What is required — The answer is the exact run of lines in the listing below from the line containing "Naruto characters based" up to and including the line containing "Harry Lennix Biography", with pictures removed.

Extracted information —
• • • • • • •

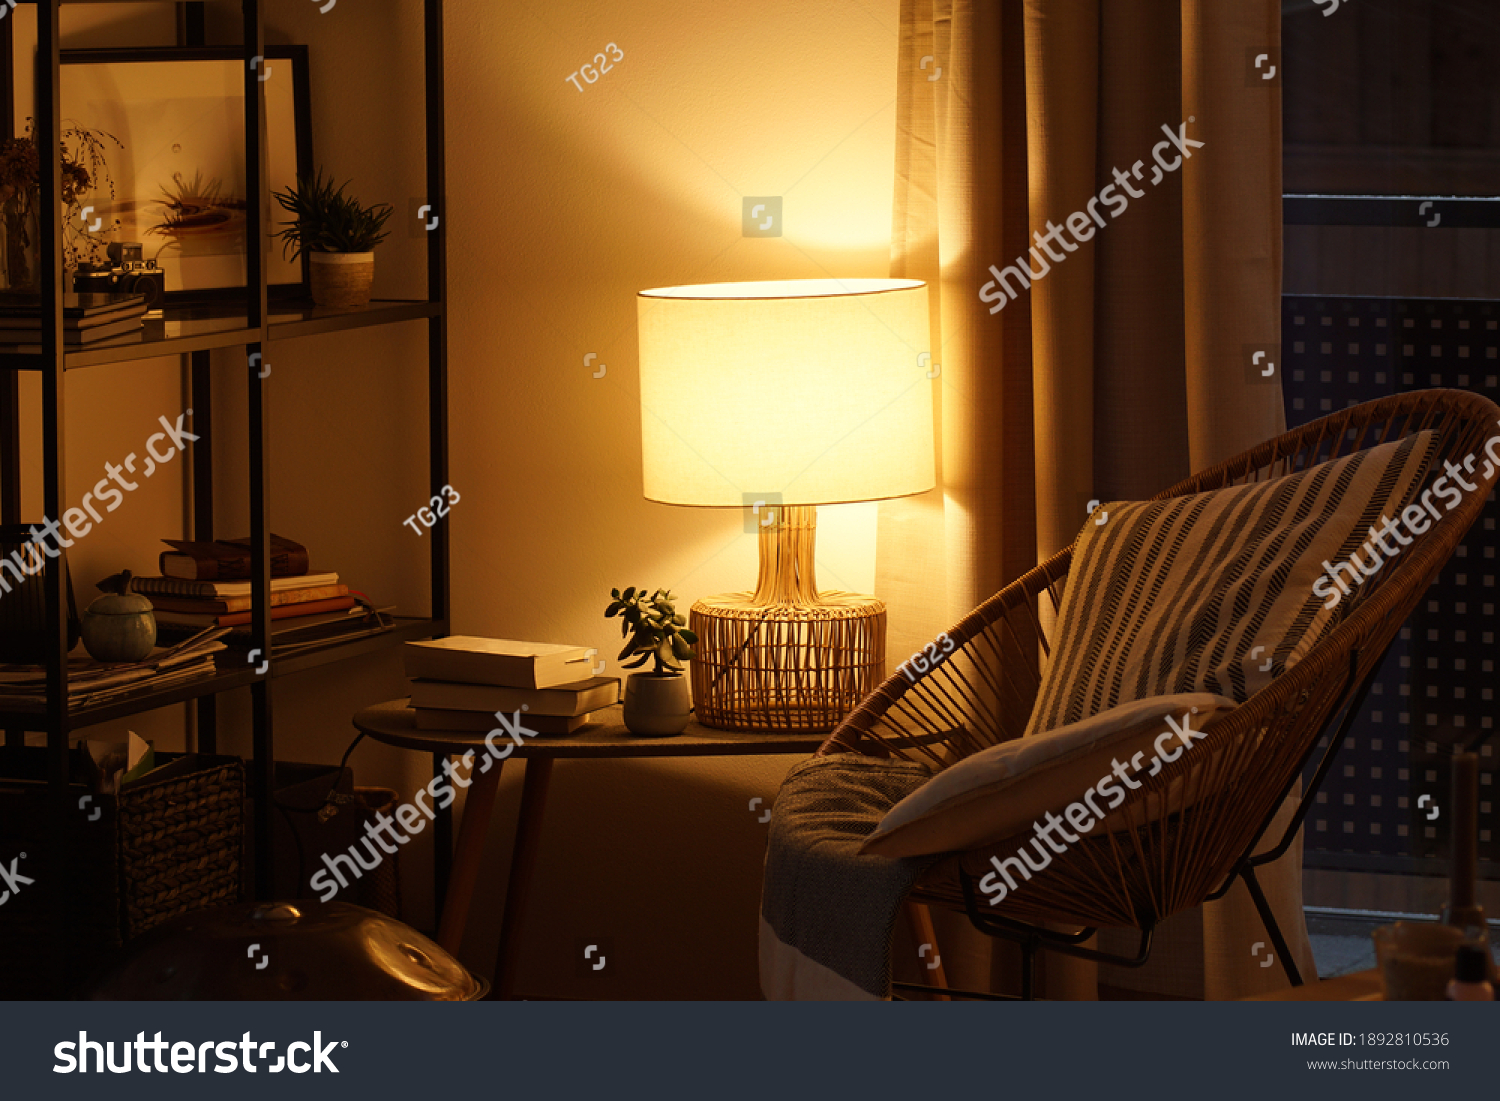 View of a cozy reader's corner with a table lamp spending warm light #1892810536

• • • • • • •

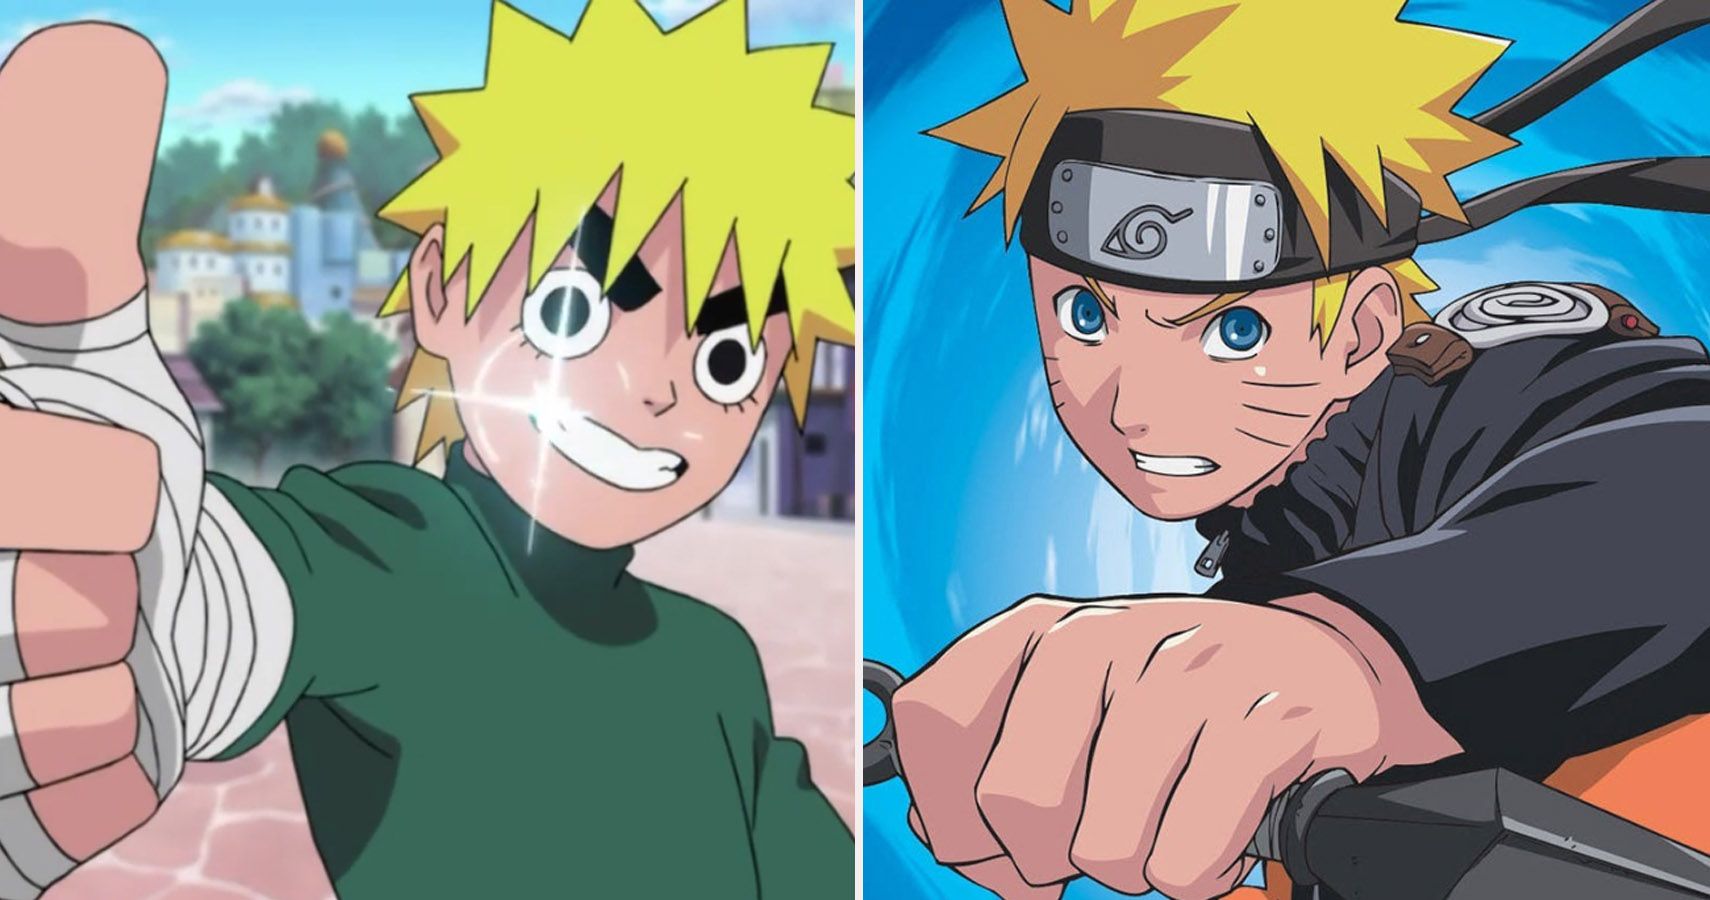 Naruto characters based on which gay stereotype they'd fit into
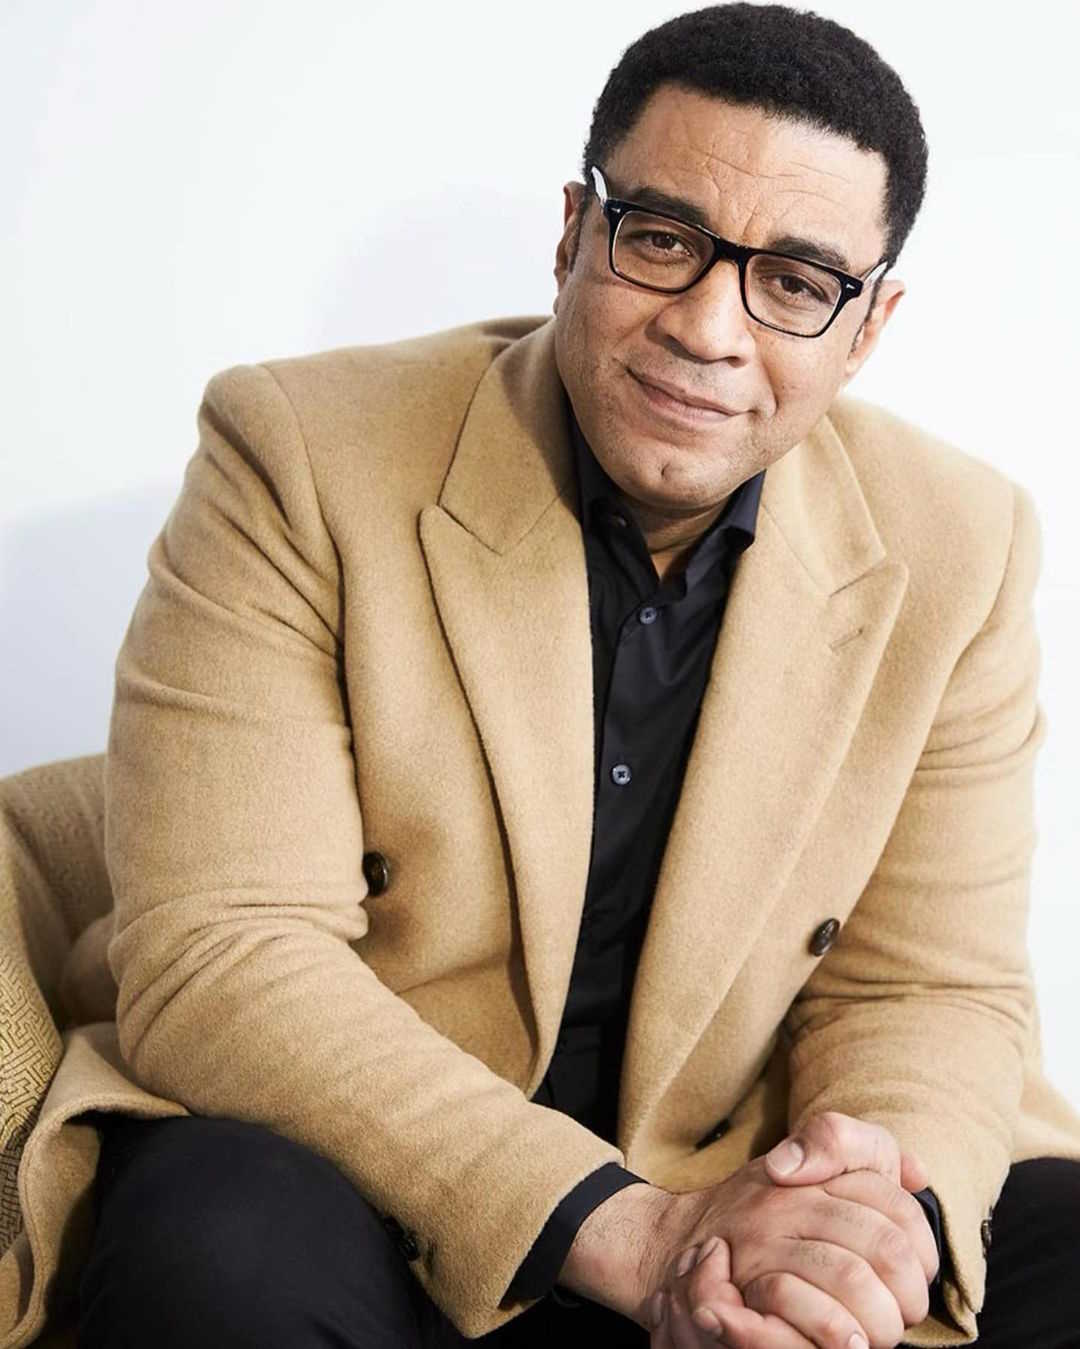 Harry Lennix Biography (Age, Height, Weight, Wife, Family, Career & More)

• • • • • • •

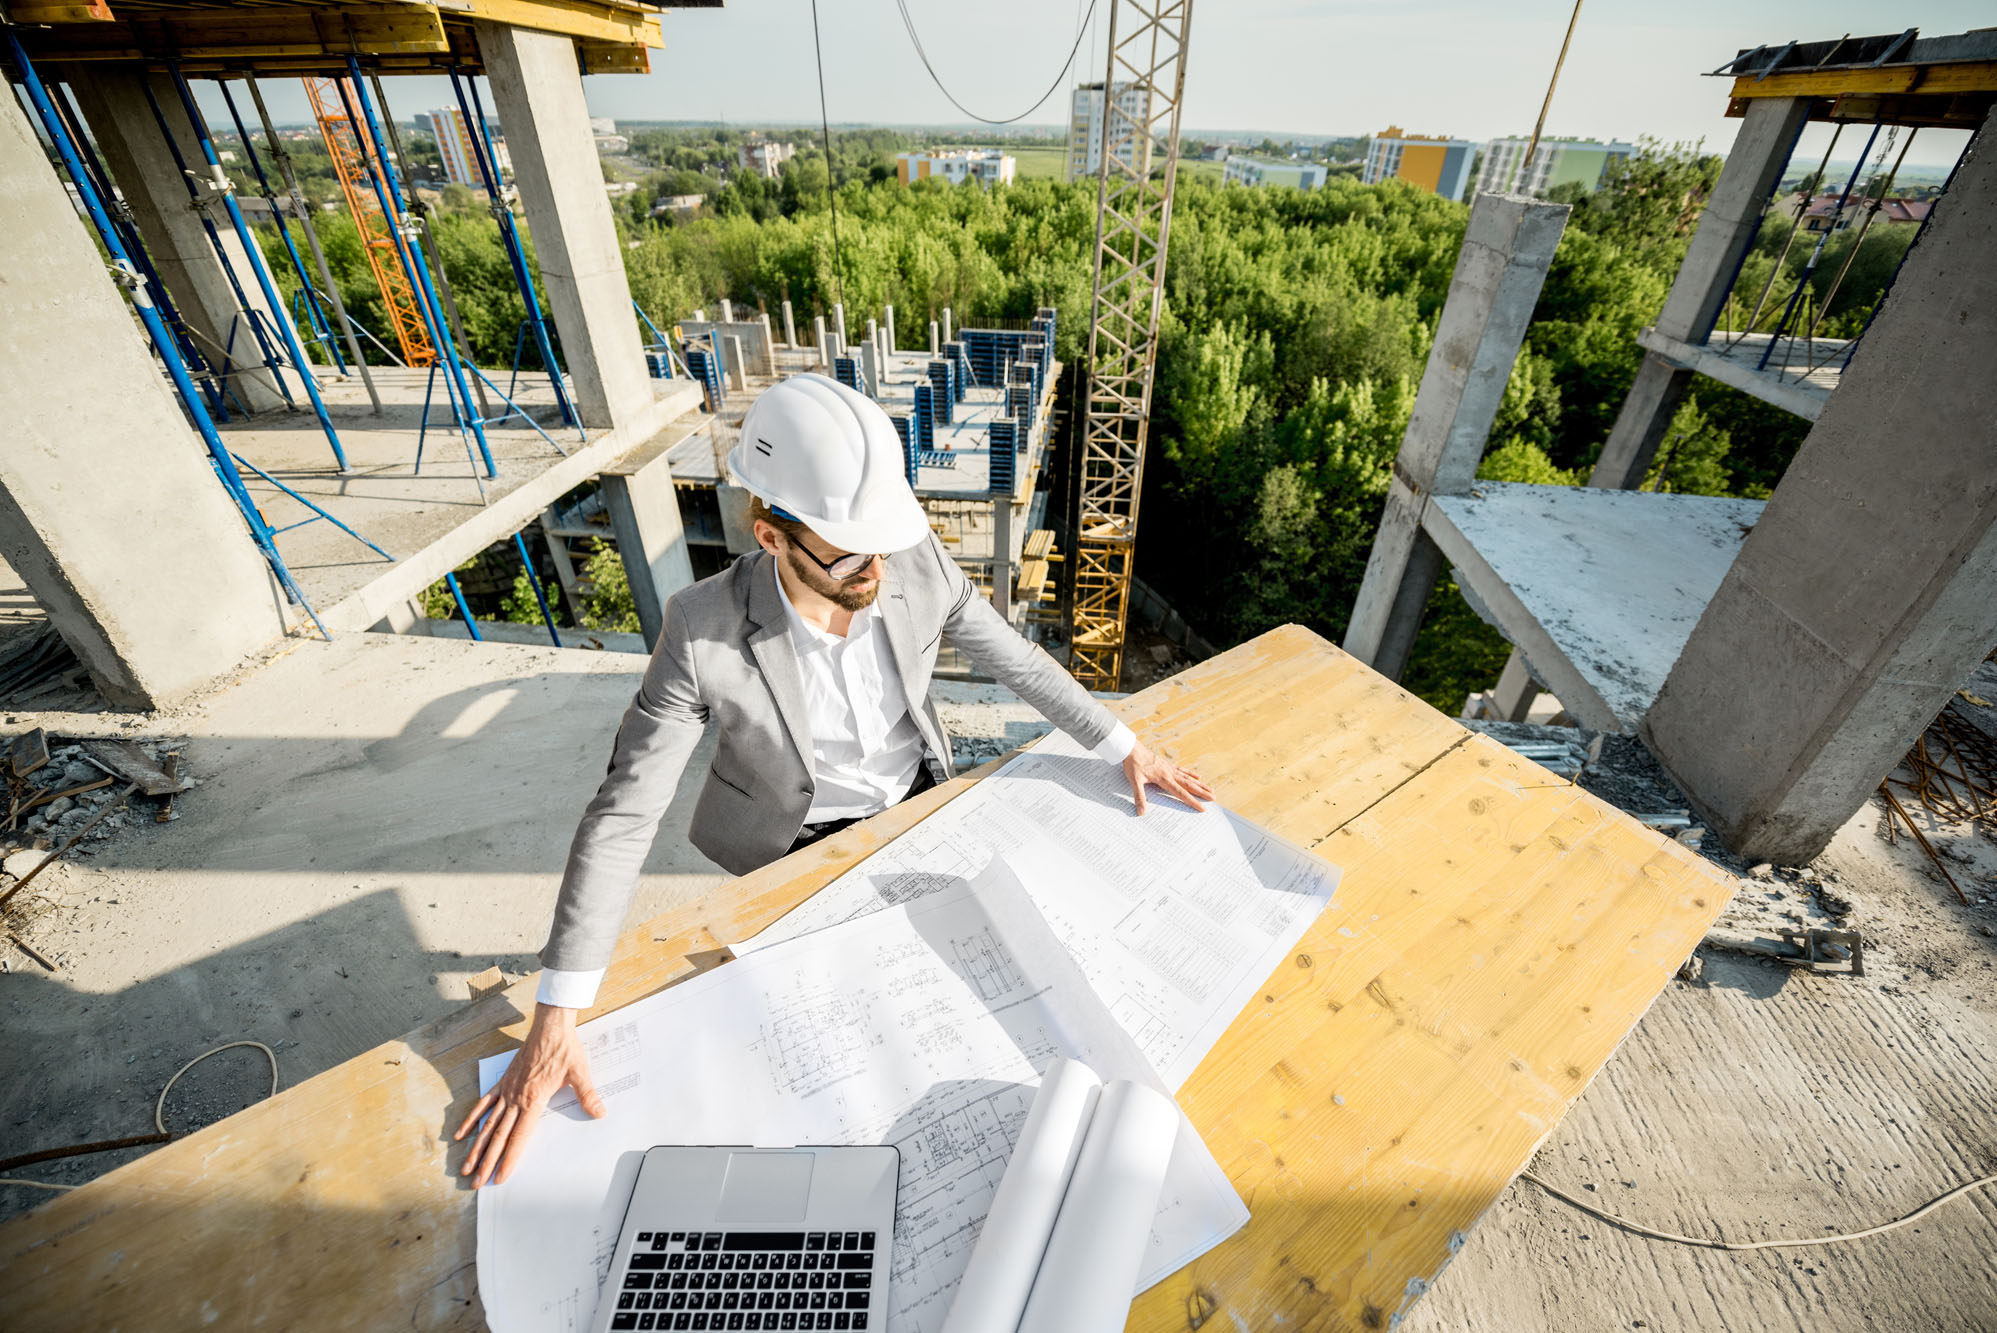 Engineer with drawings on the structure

• • • • • • •

Expected answer —
 Naruto characters based on which gay stereotype they'd fit into
 Harry Lennix Biography (Age, Height, Weight, Wife, Family, Career & More)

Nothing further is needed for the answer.